Conventional machine learning-based approaches to recognition problems are generally very expensive in terms of computation, memory, and power consumption. Given the resource constraints of the types of devices that a user would want to employ for a mobile, flexible pill recognition system (e.g., cell phones, handheld readers, etc.), most of the existing deep learning-based mobile vision systems offload the workload to another computational resource (for example, relying on “cloud”-based computation or transferring data to another networked computer for processing). However, this approach can, depending upon the circumstances, suffer from one or more of several undesirable shortcomings. For example, if network connectivity is lost or otherwise unavailable, the task at hand cannot be accomplished because the data cannot be transferred for processing, and/or results cannot be retrieved. There can be unpredictability in the delay that will be experienced task-to-task and day-to-day. For example, depending on the distance between the device and the networked computer, the network bandwidth available, the quantity of data to be transferred, the current demands on the processing power of the networked computers, scheduled maintenance, power loss, etc., there can be great variability in the length of time required to achieve a pill recognition task—and even whether the task can be performed at all.

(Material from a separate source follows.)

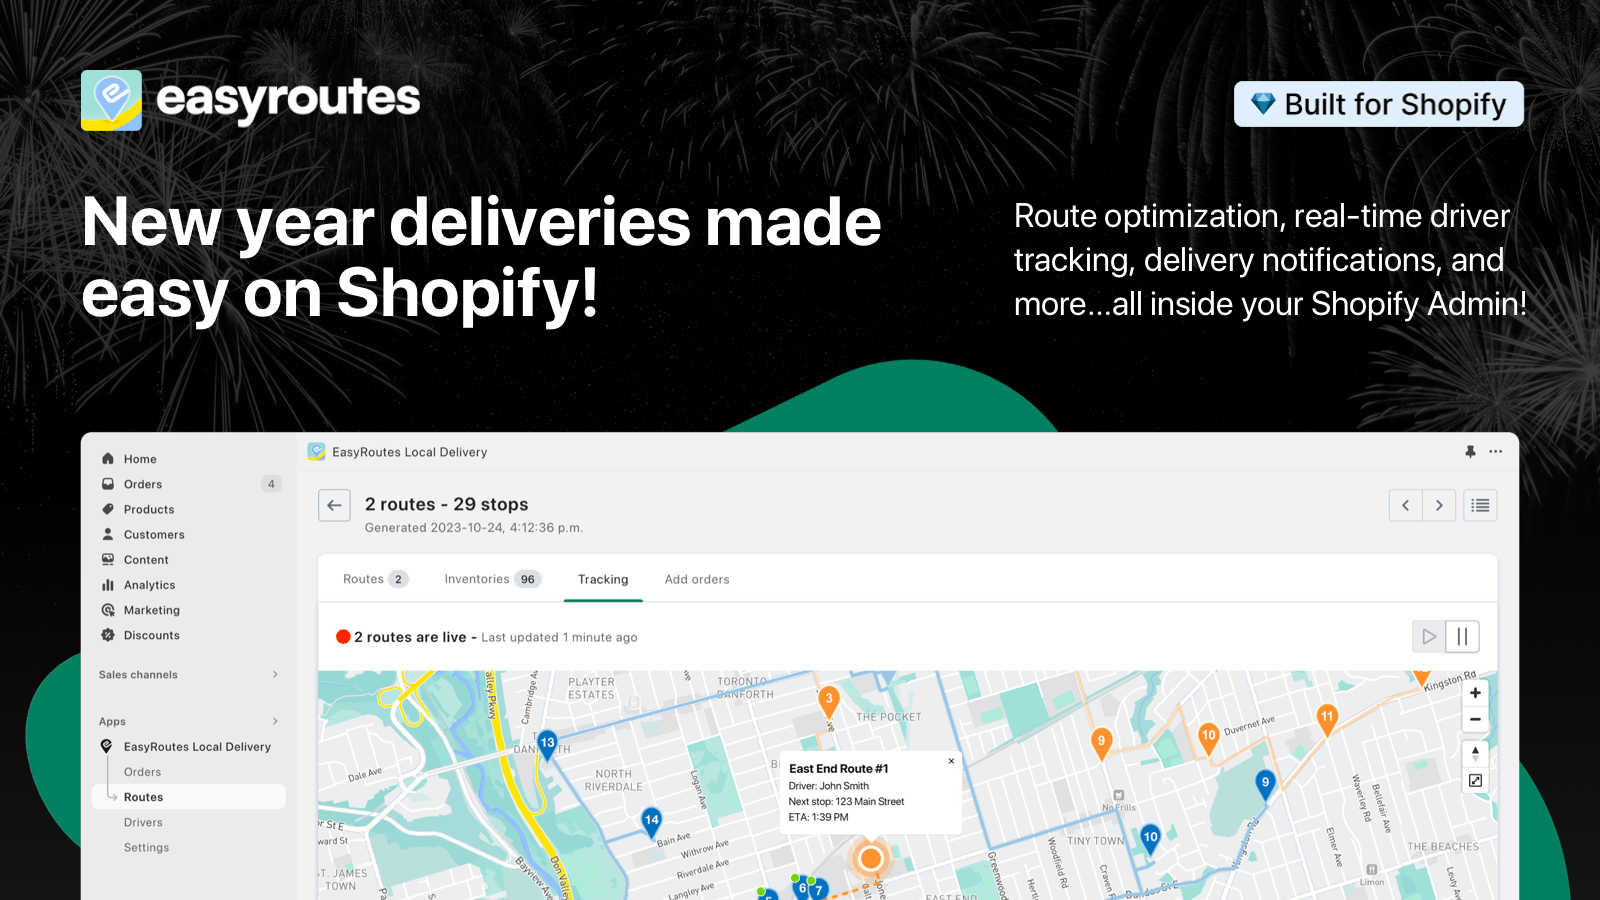 Plan optimized delivery routes, assign and schedule deliveries

Even aside from the computational and memory needs (and concomitant security and reliability risks) of such machine learning systems, they still have not been shown to be sufficiently accurate. Because these systems rely on simple or conventional machine learning algorithms, they are unable to focus the feature recognition result (i.e., the “learnings” of the algorithms) on the proper distinguishing features of images. Thus, they are more susceptible to errors caused by image fluctuations and, as a result, cannot handle the range of possible image types that a user might submit to the system.
In view of the above, a need exists for a system that may provide a simple to use, yet robust and highly accurate pill recognition system, and may be constrained in terms of its computational and memory needs such that it may be operated on a mobile device (or other similar device having limited computational and/or memory resources) without the need to rely on external computing resources. It is within this context that embodiments of the present disclosure arise.